A clear description of the venture, clarity of speech, ideas and actions in conducting the presentation all counted towards the final score.
Students were also judged on their business viability and profit potential in terms of their ability to present a need in the market and a way of meeting it, their unique solution, source of competitive advantage and clear description of their venture's features, benefits, risks, pricing, stage of development and management team.
Additionally, they were evaluated on their ability to prepare sophisticated figures to demonstrate a solid understanding of the financial requirements associated with a new venture.
The teams also had to impress potential investors with a real opportunity.
Lastly, they had to endure a 15-minute grilling by judges. Students were expected to show concision and accuracy while answering questions and maintain their poise.

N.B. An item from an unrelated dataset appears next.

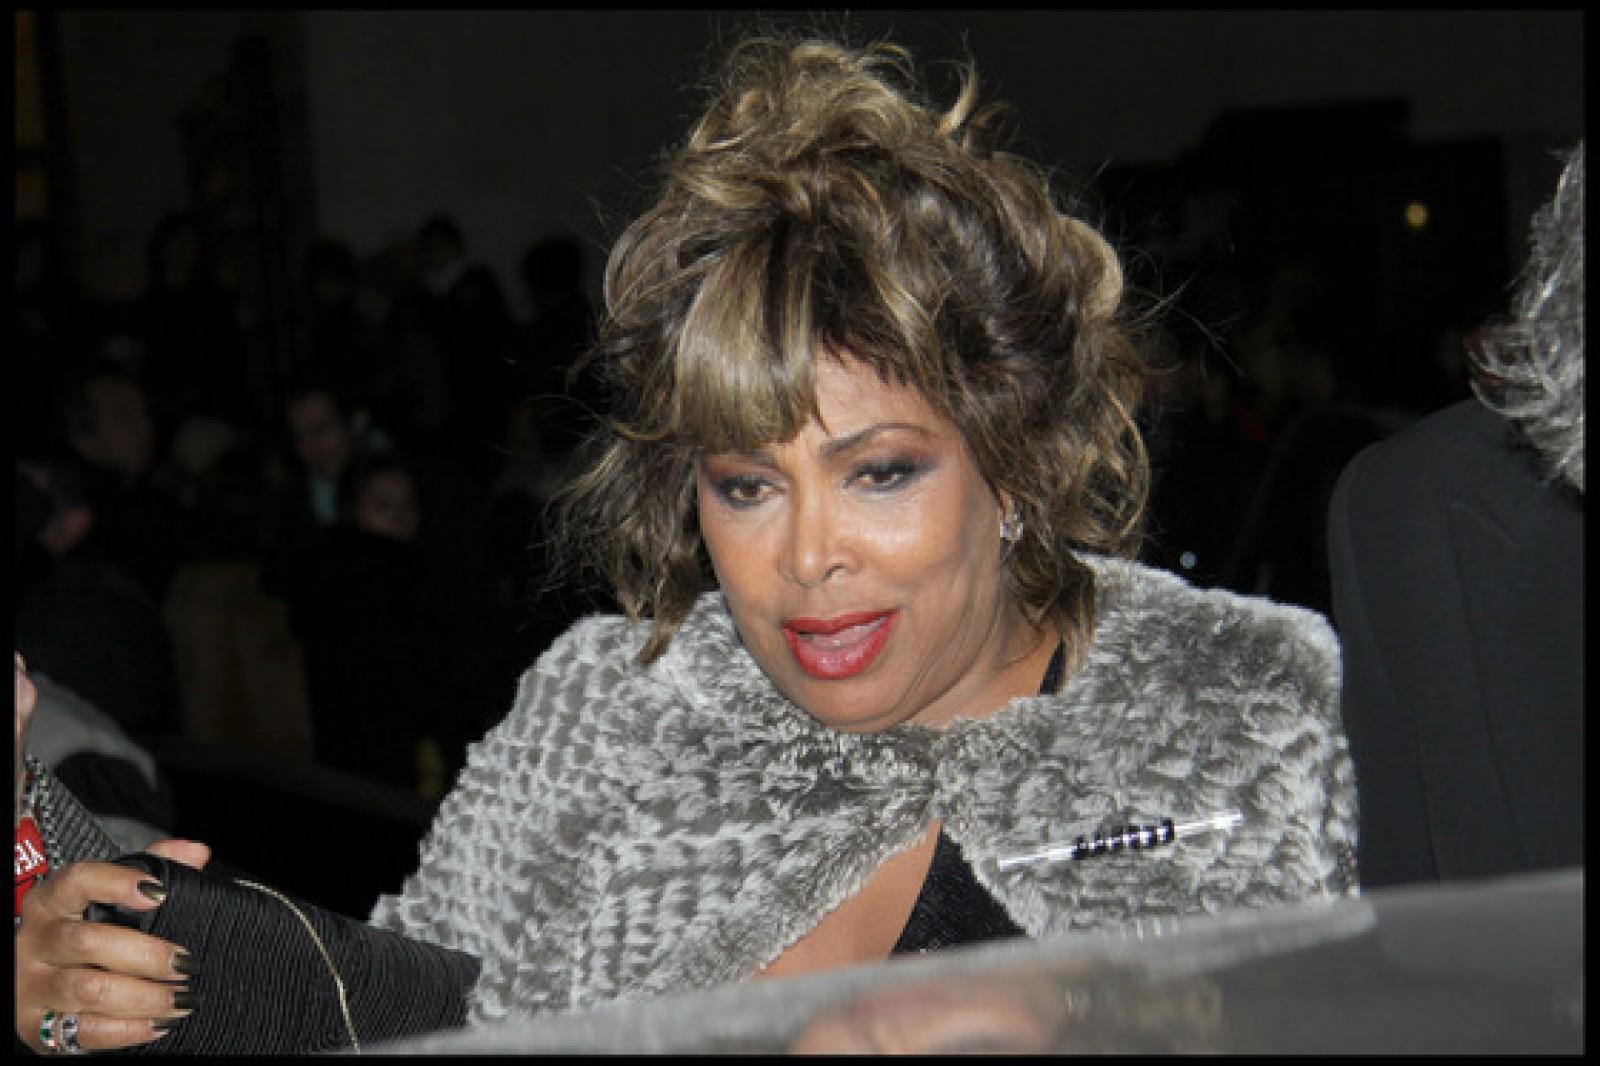 Fiul cel mare al cântăreței americane Tina Turner s-a sinucis
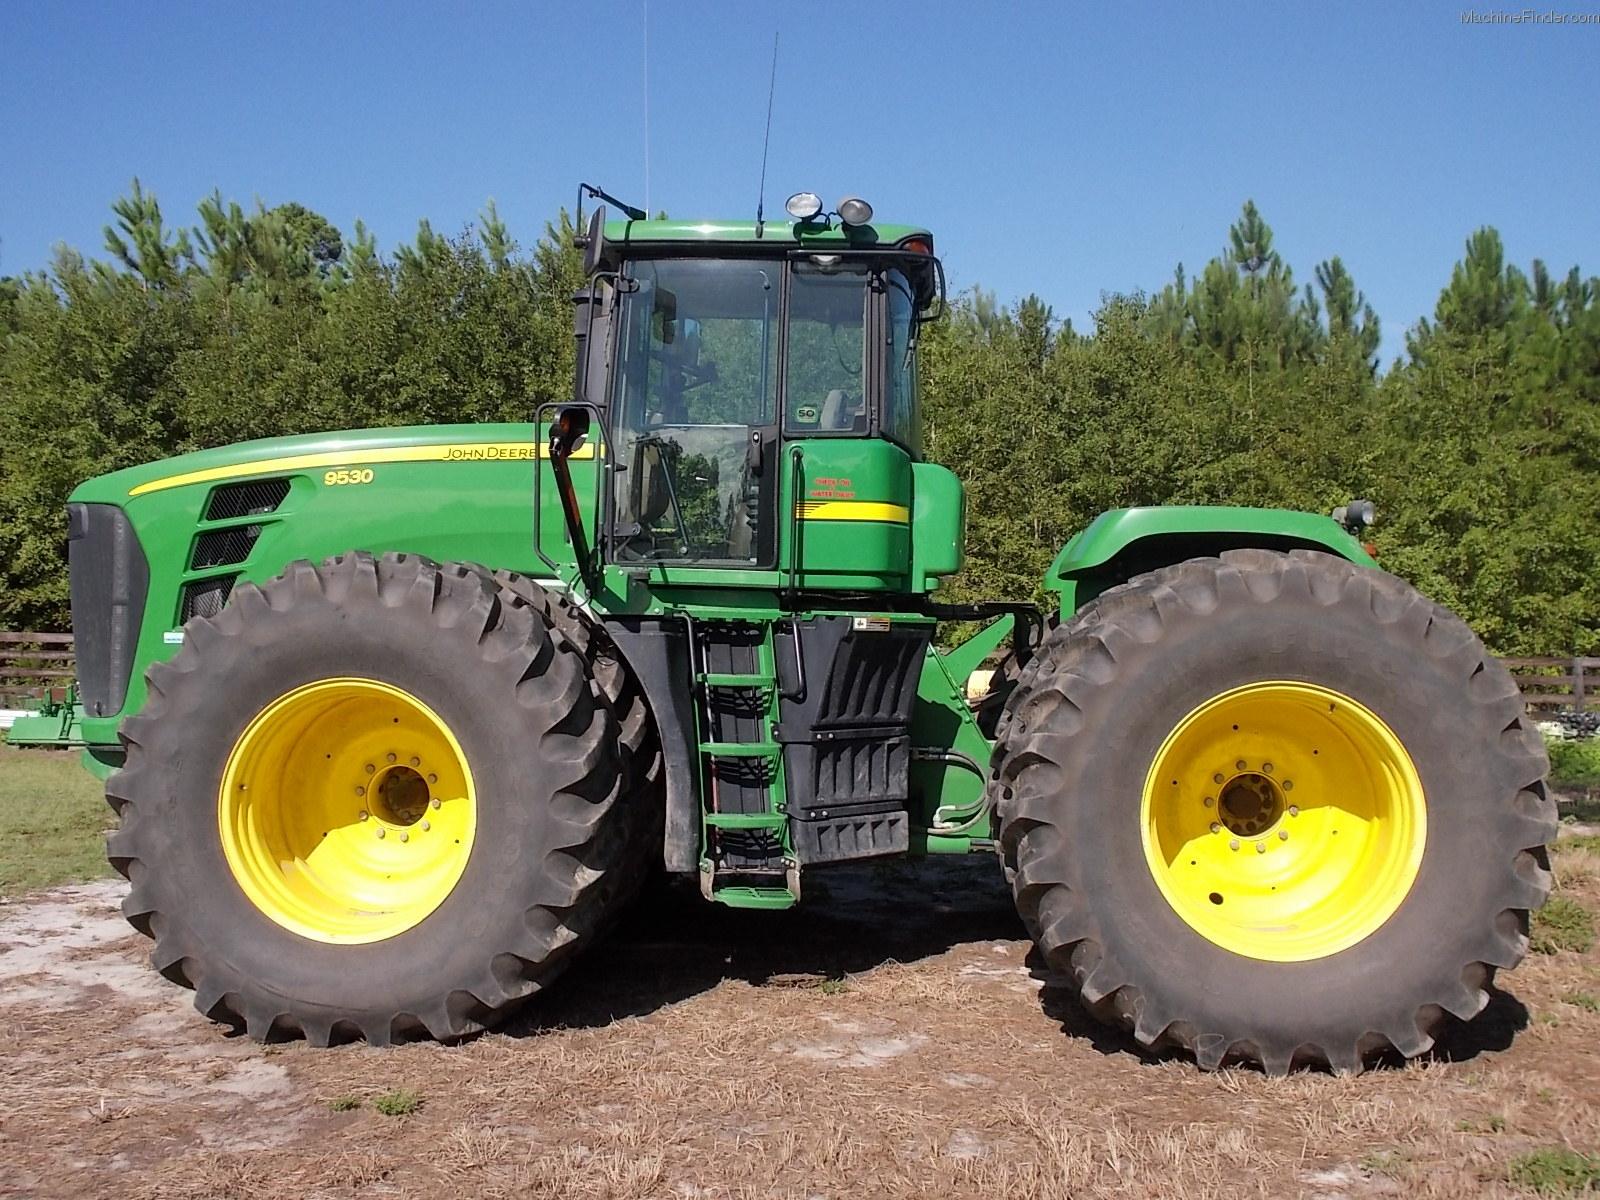 2009 John Deere 9530 Tractors - Articulated 4WD - John ...

The innovative business propositions included building underwater robots, a nutraceutical product for developing brain cells and an electronic travel device with multilingual, interactive, visual and audio tour information of the mainland. However, biomedical products with new technologies dominated the event.
The competition champions, Nano Precision Medical, won US$10,000. Second place was taken by Audiollo, a joint team from the University of Michigan and the Georgia Institute of Technology, which won US$3,000.
The other two finalists were Parallel Imaging Corp from the University of Oregon and Clean India from the University of Virginia.
The trio behind Nano Precision Medical impressed the judges by turning their scientific understanding into what the judges deemed a profitable medical technology product. The students' novel technology, NanoFlow, was developed a year ago. It is a system that can deliver a precise amount of medicine for several diseases, including hepatitis C, significantly relieving the discomfort of treatment for the illnesses.
With a soft-spoken presentation, the team compellingly spelled out their business ideas.
'The international market for hepatitis C treatment is quite large,' Ms Peng said. 'A lot of people with hepatitis C are in China. It's really nice to have judges from other countries, especially Asia. We've gotten really useful advice in terms of the market here and licensing.'
Dr Nason said this year's competition was of the highest quality. 'It's also one of the highest quality competitions we've seen internationally. All of the teams have viable products, products that you can really take to market.'
He said Nano Precision Medical addressed a very compelling need. 'They have the patent; they can go forward with it. The team just felt very confident that they would be successful.'
Steven DeKrey, HKUST's MBA programme director and senior associate dean of the business school, said the university decided to run its own competition after sending students overseas to compete in similar events for a number of years.
'A business plan is about the totality of a business,' he said. When you write and present a business plan, you are actually covering the entire basis. We have found our students gaining a tremendous amount by focusing on a business plan. It's like running a business as a CEO.'
HKUST's MBA students were involved in running the competition, which was good leadership training in itself, he said.
The university's executive MBA programme, jointly organised with Kellogg School of Management at Northwestern University, was ranked No1 in the world by The Financial Times in 2007. HKUST's MBA programme was ranked 17th last year.